St Francis Xavier was built in 1868 by settler Thomas Thyne. Mt Egerton Primary School began taking enrolments on 6 November 1877.

Although sustained mining occurred through the 19th Century, a decline in gold output caused a general decline in the town and it gradually decreased in size while many of the district's buildings and homes were abandoned until mining operations finally ceased in 1910 having produced a total gold output valued at around 2 million pounds.

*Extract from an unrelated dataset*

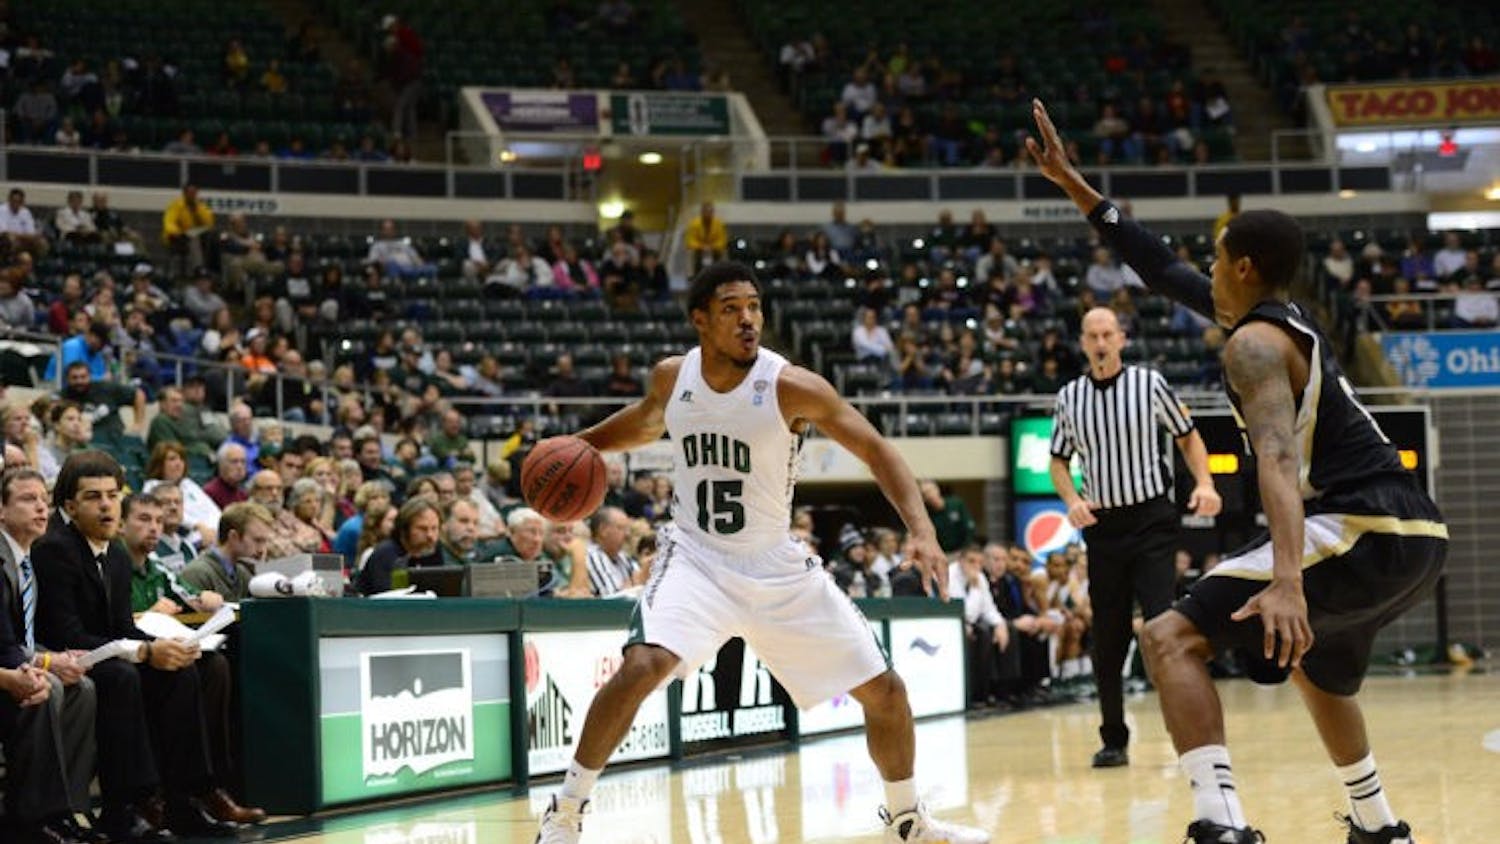 Men's Basketball: Ohio hosts Hampton in last game before holiday  
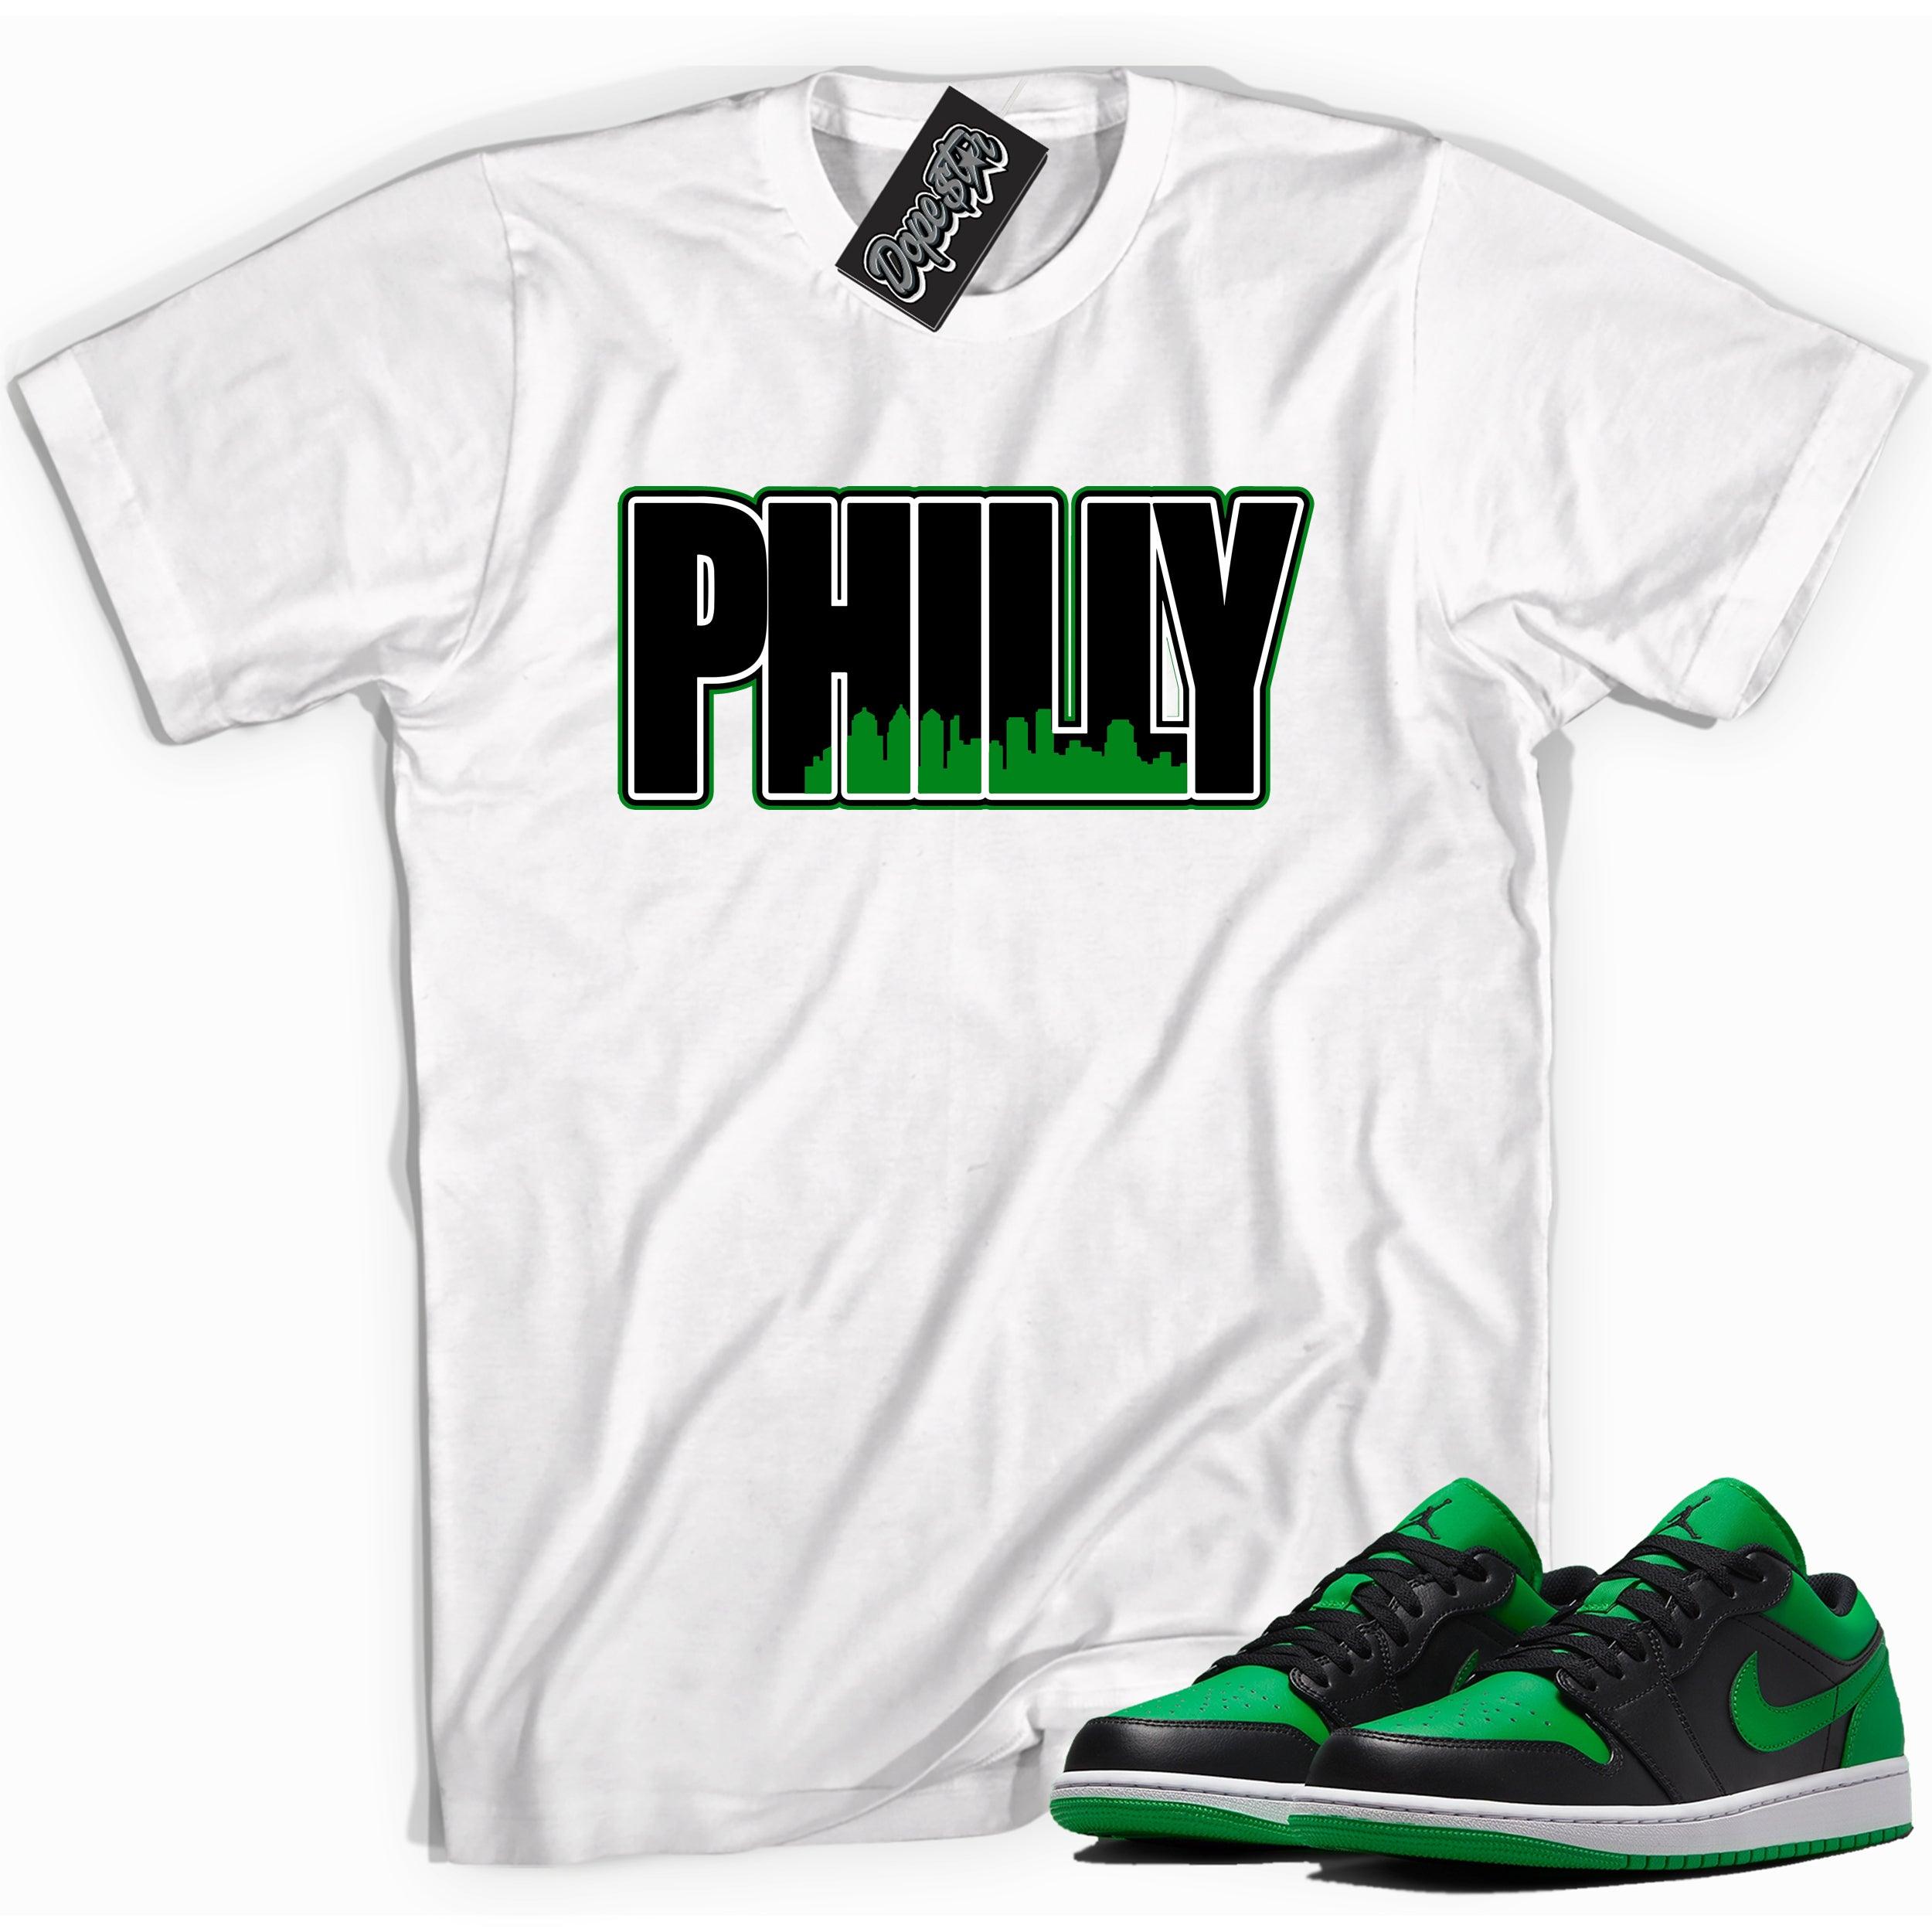 Cool white graphic tee with 'Philly' print, that perfectly matches Air Jordan 1 Low Lucky Green sneakers

The post office closed in 1993. In 1996 the general store was redeveloped into a fish and chip shop, liquor store and laundromat, with the old bank being removed to make way. The shop closed in May 2010, and the premises was used as a private residence. In 2023 the shop was reopened under new ownership, trading as 'Half Pace General Store'

In 2011, proposals were submitted for a wind farm and telecommunications towers both of which have met some community opposition. WestWind Energy has proposed the Moorabool Wind Farm, a 330MW, 107 turbine facility in the vicinity of the town.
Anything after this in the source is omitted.